At least since the North-Tiebout debate of the 1950s there has been a tradition of cross-fertilization between regional science and economic history to the benefit of both fields. Although numerous landmark studies mark this symbiosis, one specific study deserves particular mention: Regions, Resources and Economic Growth by Harvey S. Perloff, Edgar S. Dunn, Jr., Eric E. Lampard, and Richard F. Muth (The Johns Hopkins Press, 1960). That book, by combining a massive data collection and refinement effort with the then emerging shift/share technique of regional science, provided a comprehensive picture and causal examination of variations in U.S. regional growth patterns between 1870 and 1954. It represents a direct harbinger of Edgar S. Dunn, Jr.'s two- volume study presently under review.

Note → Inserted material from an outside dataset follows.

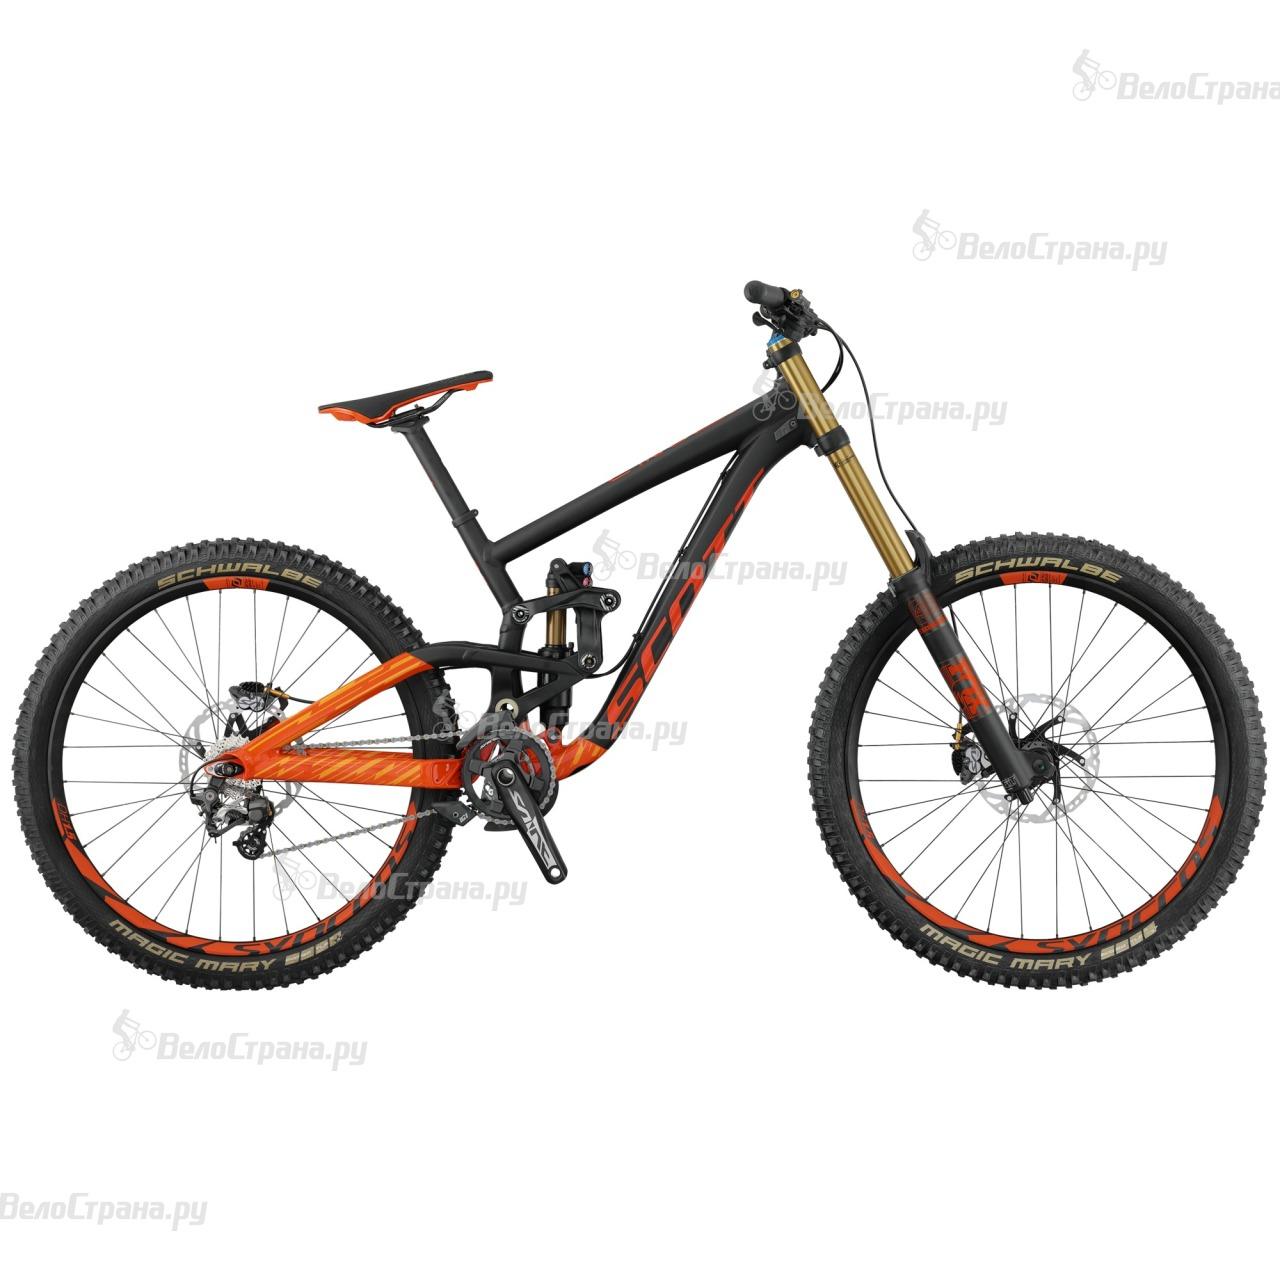 Велосипед Scott Gambler 710 (2017) велосипед scott gambler 720 2015
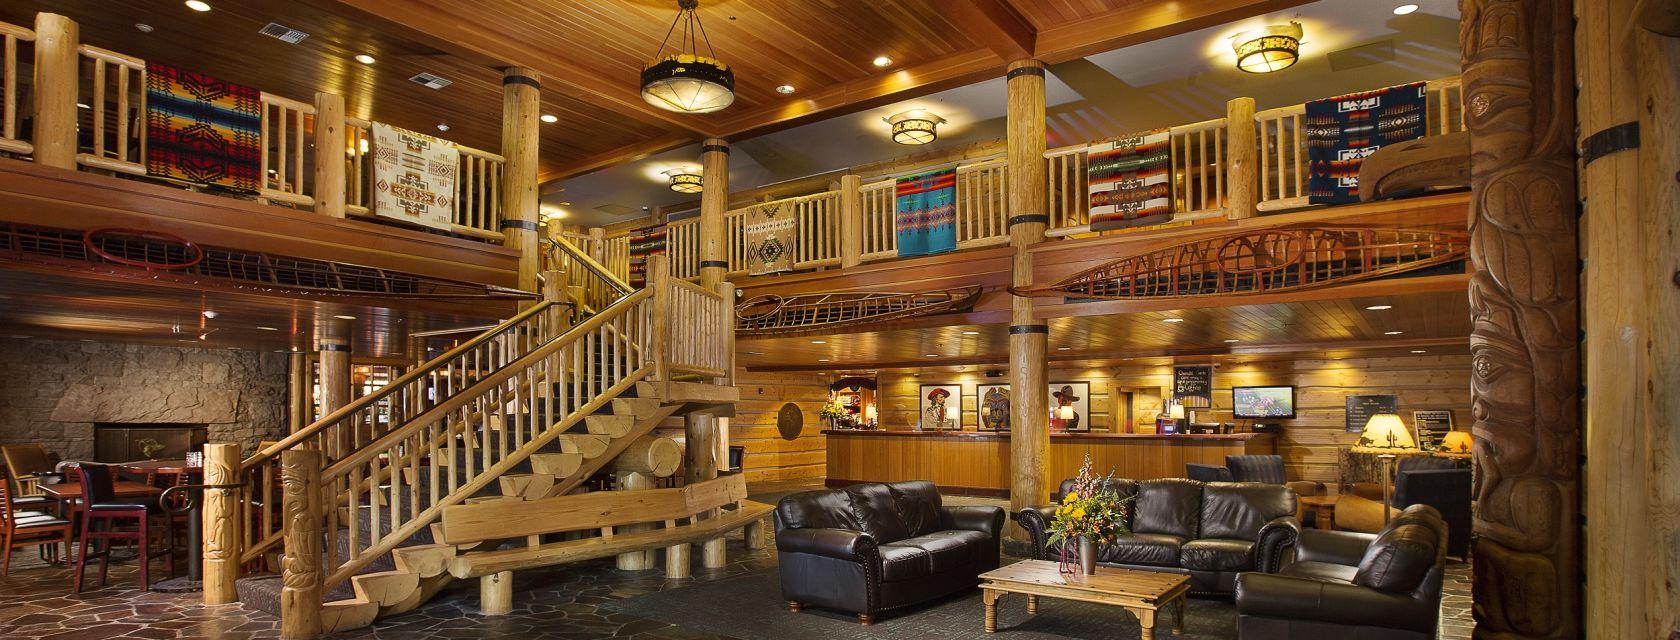 The Historic Heathman Lodge

At the most superficial level, The Development of the U.S. Urban System extends the earlier work into the 1940-1970 time frame by applying shift/share analysis to decennial census regional/industrial employment statistics. This study, however, seeks to accomplish much more for, as Dunn points out in his preface to Volume 1, "[e]xplanation is always rooted in the conceptual images we bring to a field of study [and i]n the field of urban and regional development . .. the literature offers only a highly fragmented and disassociated set of concepts" (p.xv). The goal of the study is therefore to provide a unifying framework with which to analyze spatial growth patterns and to apply the conceptual apparatus developed to a period of rapid change in the U.S. economy. As such the study is more than an exercise in quantitative economic history; it also presents a new methodology and attempts to reorient the way we look at urban systems.